In chapter 2 he examines the presence of two binaries in the president's discourse and news coverage after September 11- good versus evil and security versus peril- and argues that these conceptions of reality reflected and contributed to a sense of moral certitude among the bush administration that was used to justify limits on civil liberties and major preemptive military action while also helping to engender public support for the president and administration's "war on terror".

Chapter 3 offers evidence of time fixations throughout the administration's discourse and news coverage, and argues that they allowed the administration simultaneously to push for immediate action on specific "war on terrorism" policies and to justify this desire as a requisite step in a long-term, God- ordained process. The implication was clear: to not act quickly or to not endure in the campaign against terrorism was to risk another September 11.

In chapter 4 evidence is offered of how the universal gospel of freedom and liberty, offered by the president and echoed by the press, functioned as a central rationale for the administration's foreign policies, particularly in justifying the new preemptive doctrine and the Iraq war.

Chapter 5 focuses on how the administration's emphasis upon political unity and harsh rebukes of those dissented worked together to encourage support for the administration, and to suggest that anyone who held opposing views was unpatriotic and potentially placing people in the United States at risk.

Chapter 6 reflects upon the collection of evidence, in three central sections. First, it argues that the Bush administration offers an instructive case study of how political fundamentalism can gain wide support in the United States. The chapter's second section scrutinizes the role of news media in these processes, with the argument that in a nation-challenging context, commercial mass media are drawn to the discourses of political conservatives, particularly those that are religiously grounded. The final section of the chapter explores how cultural leaders might craft a moral discourse that counters the predominance of political fundamentalism, and why it is crucial for U.S. citizens and others that they do so.

Chapter 7 offers conclusions, focusing on implications of the administration's political fundamentalism for democracy, both in the United States and globally.

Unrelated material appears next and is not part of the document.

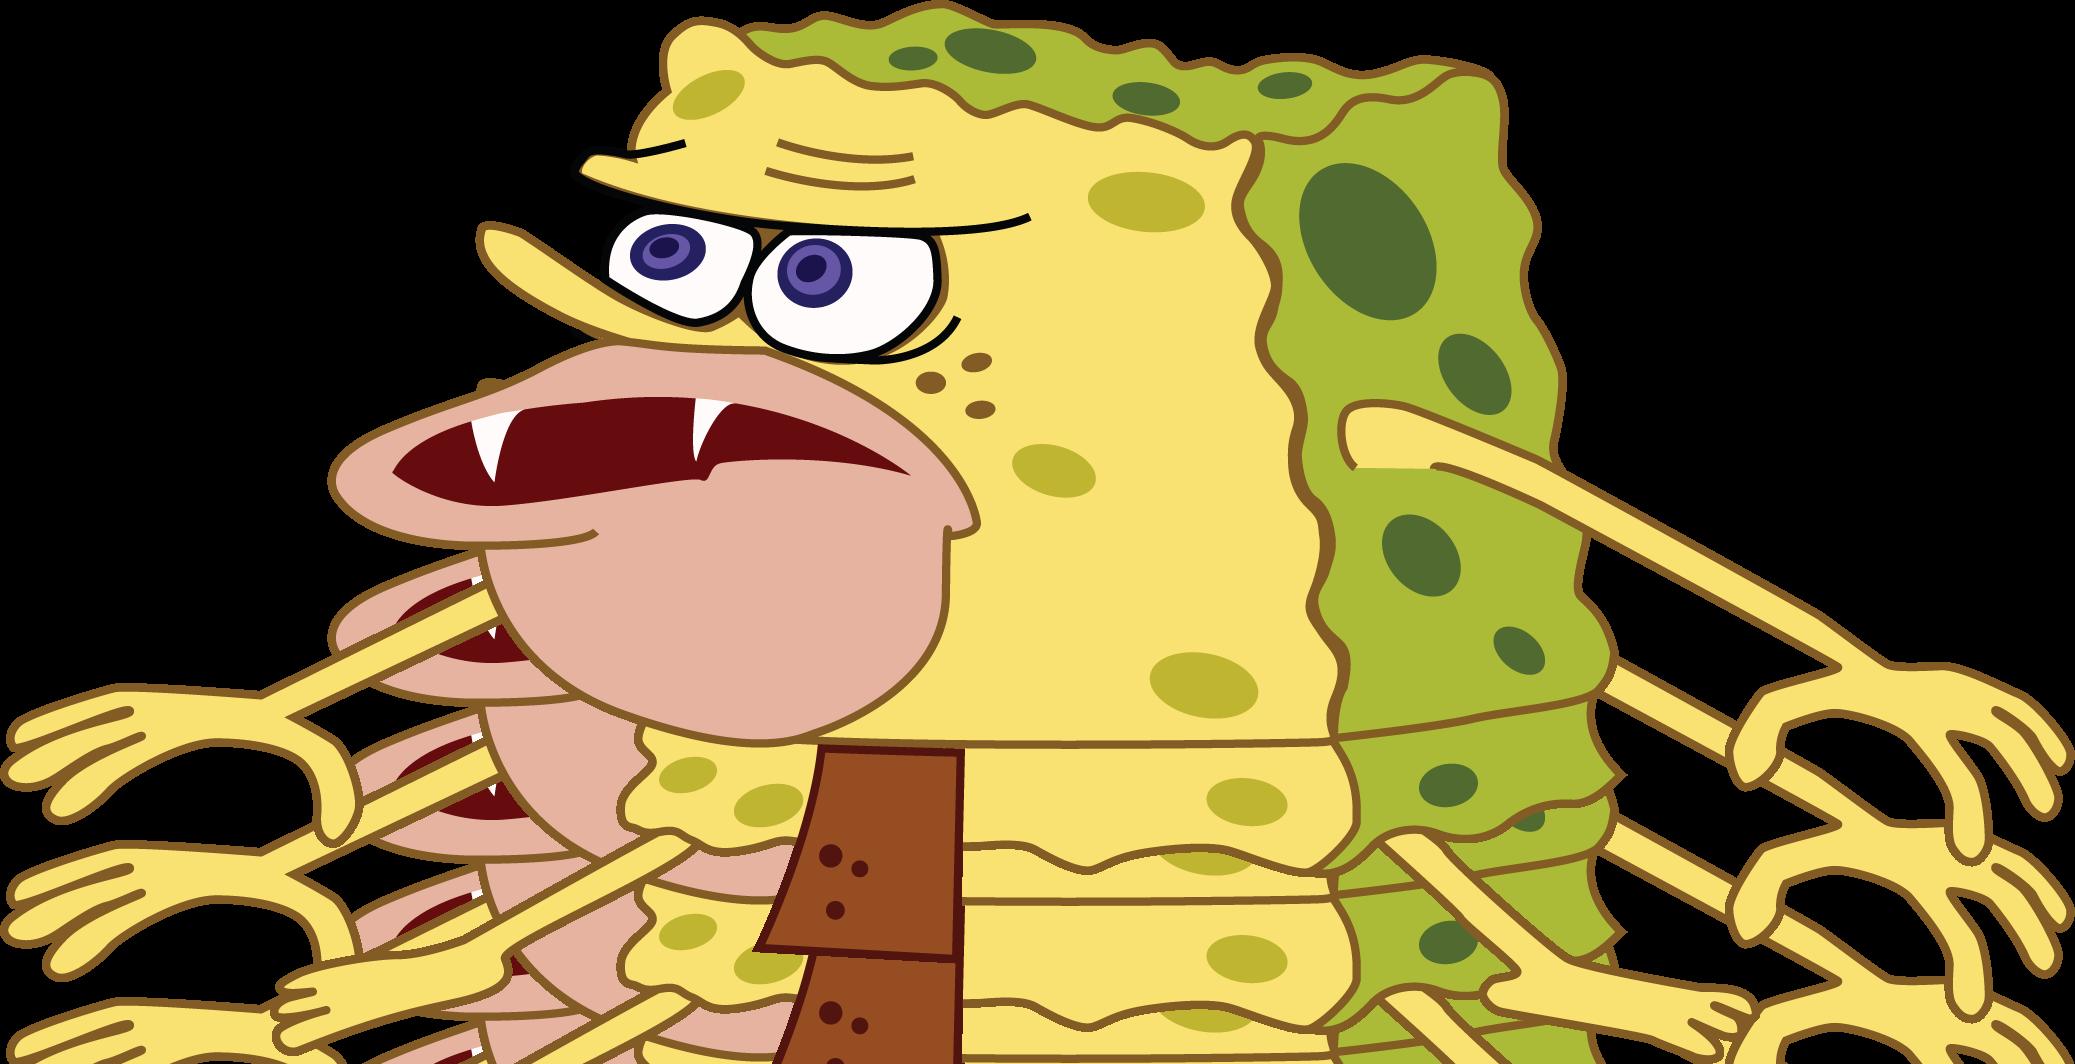 High res template | SpongeGar / Primitive Sponge / Caveman ...

In the way the writer brings a rigorous analysis of a wide range of empirical material, David Domke's work is of great value to study. However, to what extent his work can contribute to a better understanding of the relationship between religion, politics, and the media is a matter of question. Some scholars may find it the role of religion has been exaggerated. Some scholars may question the way he has analyzed meaning formation and reception in media as it is a subjective matter. Nevertheless, the book very well clarifies how the actions of the Bush administration and the news media are directly counter to fundamental American democratic ideals and principles. It shows how civil religion is used to promote its political goals and to justify self-interest. So "God Willing" is a must-read for anyone who cherishes American democracy, anyone who feels uneasy about the Bush Administration's use of religious images, as well as those who have concerns about the way the press helps Bush advance his agenda. However, the potential and necessity for further discussion on the subject exists that can encourage other scholars.